As humans, we are hardwired to connect; we are drawn to “doing life together” — talking through our issues; learning from each other; being encouraged, corrected and motivated by those around us. We want to be in the company of friends or family and share our lives with them. However, this is the
time of social isolation for a greater cause. Now is not the time to have little or no meaningful connection in your life. To get through the COVID-19 pandemic, we need a connection culture that is rich in relational connection while maintaining physical distance between individuals when there is a risk of transmission. It’s important to understand that connection is essential because, insufficient connection has a wide-ranging impact on our bodies, including increasing the negative effects of stress and diminishing resilience.
Here are practical actions you can take to cultivate a optimistic mindset.
I. Take care of yourself
We do this by making sure we are connecting with people who energize us. Each day, schedule phone calls or video calls online with people you enjoy. Take virtual coffee breaks in the morning and afternoon while connecting on a video call. Schedule a call each evening with relatives and friends who may need connection. This is a good time to take the initiative and reconnect with friends from your childhood or college days who you may have lost touch with over the years.
- Play Music. Throughout the day, play music you enjoy. Music has been found to calm anxiety.
- Learn something new. Boredom is one risk of being physically isolated. So learn a new skill or a childhood interest.
- Set aside time each day for a quiet period. This may include contemplation, meditation, prayer and/or journaling.
- Pause to be grateful. Every day, take a few minutes to write down at least three things you are grateful for. Gratitude helps keep you emotionally strong and will help you connect better with others.
II. Never worry alone!
Whenever you feel anxious or stressed, call up a friend and talk it through. Doing this will move your brain activity from the amygdala where threats are processed to the cortex where we make rational decisions.
III. Cultivate practices that produce contentment and avoid excitatory practices.
Constantly checking your smartphone, email or
social media stimulates the production of dopamine, an excitatory
neurotransmitter that in excessive amounts makes us anxious.

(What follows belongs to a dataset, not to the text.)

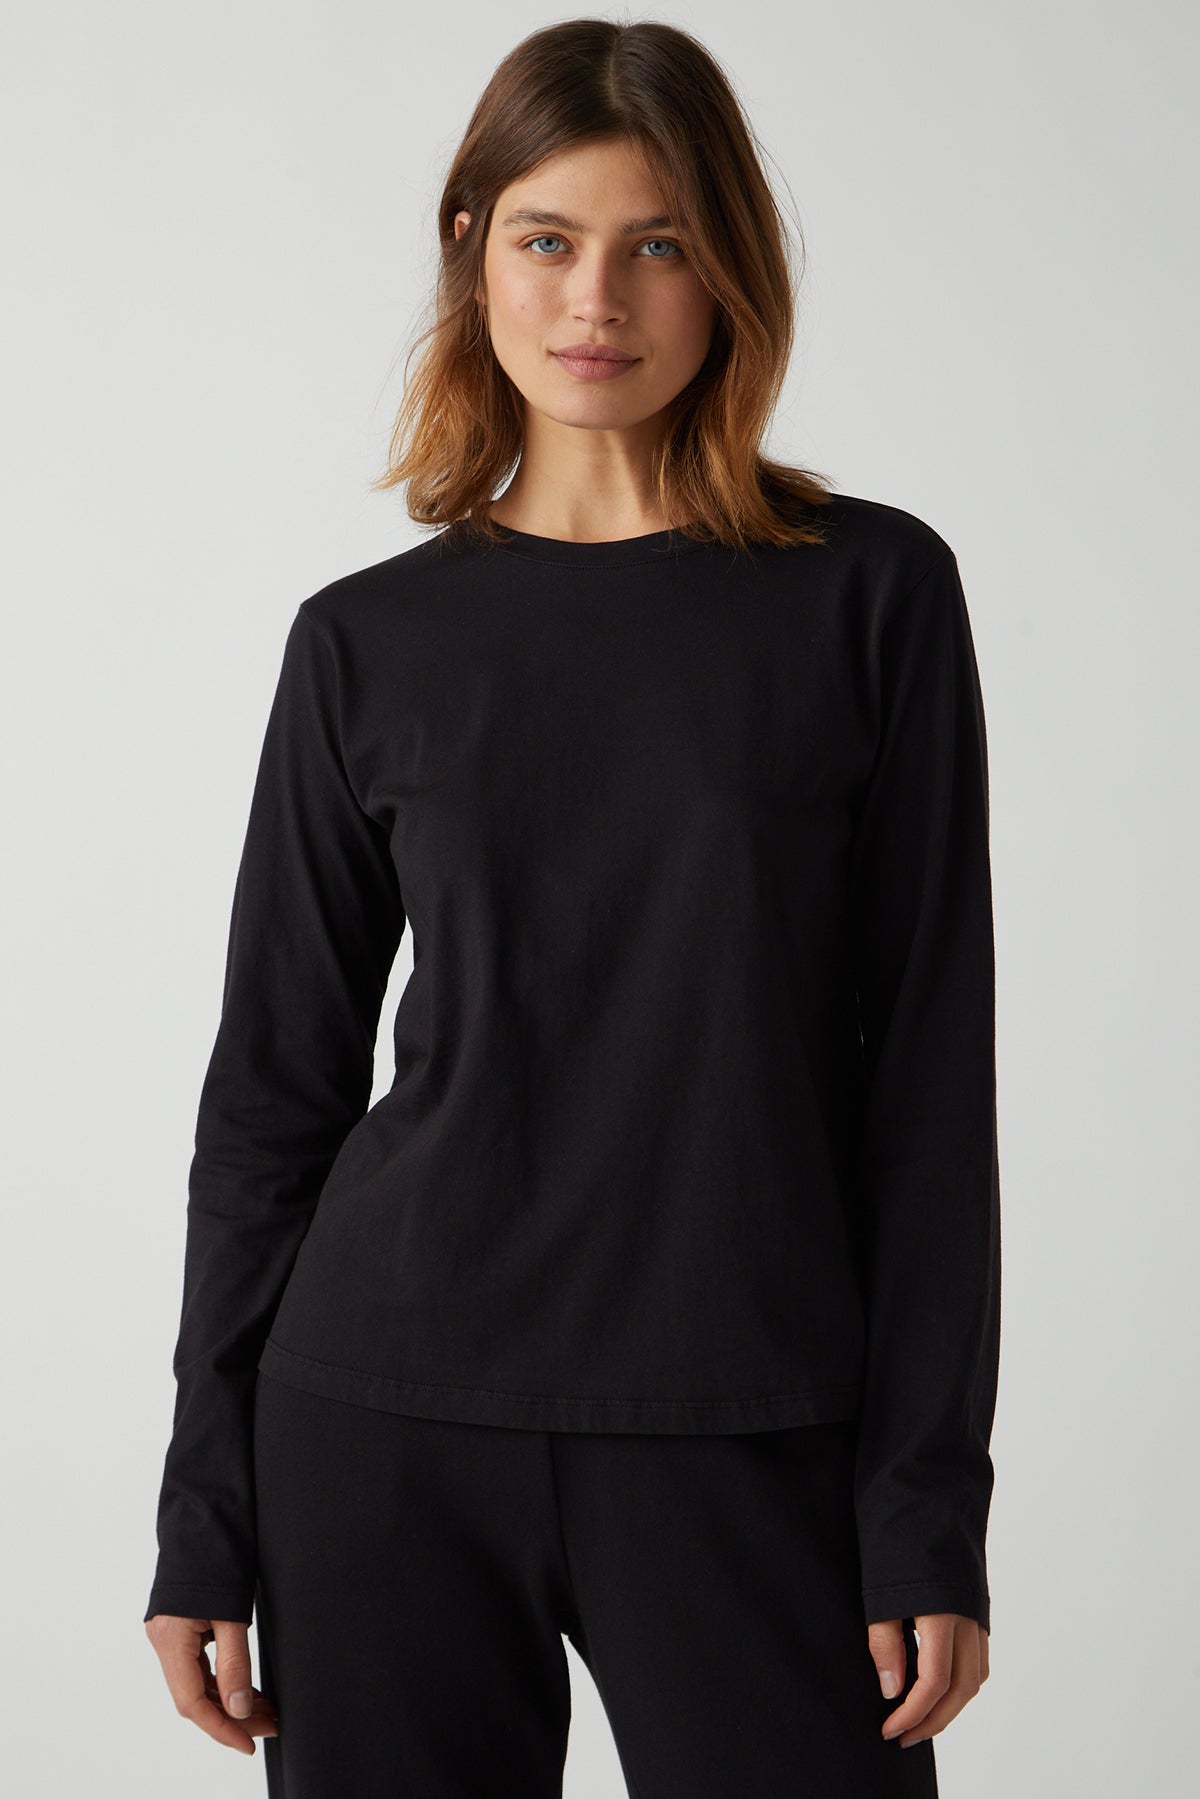 Vicente Tee in black front-25484377161921

Do one task at a time rather than multitasking.It’s preferable to focus on practices that produce the positive emotion of contentment because they stimulate the production of neurotransmitters including serotonin.
IV. Serve others.
Reaching out to help others in need boosts neurochemicals that produce positive emotions. In the current climate of encouraging physical separation, this may include writing a card or letter to an isolated elderly parent, relative or friend, or calling to find out how he or she is doing.

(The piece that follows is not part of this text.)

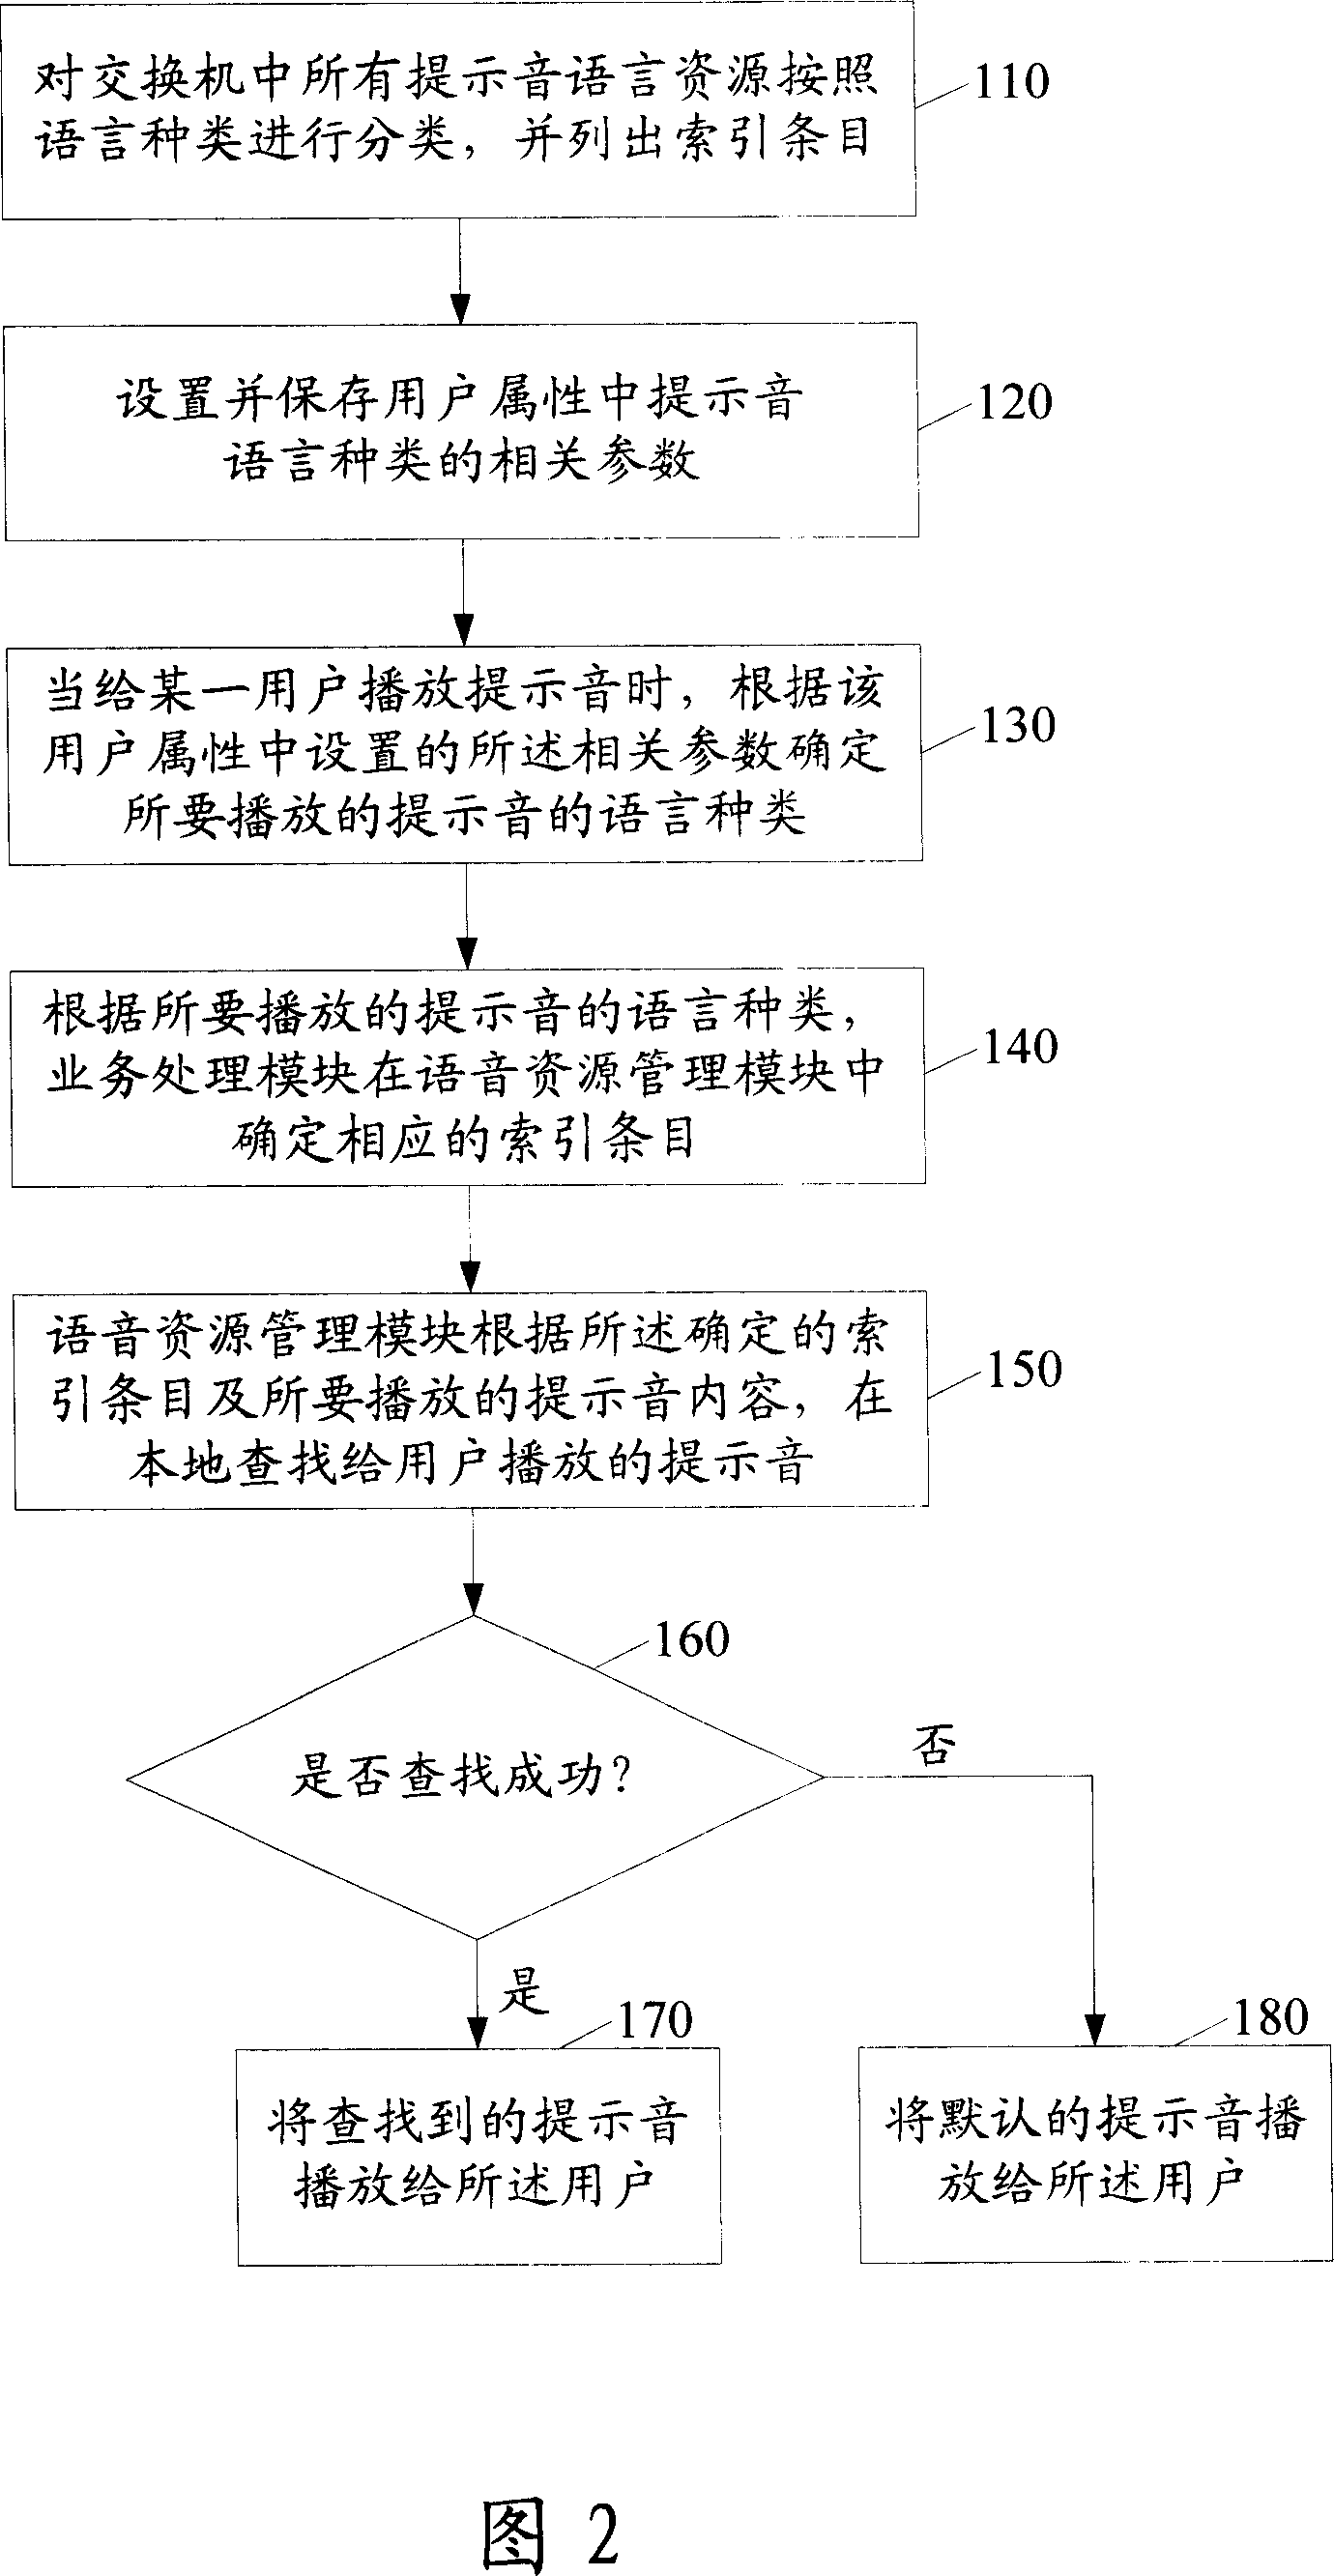 Method and system for customing prompt voice speech in digital program control exchange

Check out local or national nonprofit organizations that serve populations in need and see how you can help safely.Anything you can do to help others meet their need for connection also helps you. There is satisfaction, even joy, to be found in serving a cause greater than self.
This unusual season we are in is temporary. Still, it will be difficult and last longer than we’d like it to. We will face individual and societal challenges that we have not faced before. It’s important that you recognize that disconnection is a super-stressor; it makes other stressors feel even heavier and it weakens the effectiveness of any resiliency practices you may be using.
By intentionally boosting our “superpower” of connection while still maintaining physical separation, we will make a meaningful difference in the lives of others. We will lift our own spirits as we lift the spirits of our family members, friends and community. In harnessing the power of connection as we combat COVID-19, we will be combating the epidemic of loneliness, as well.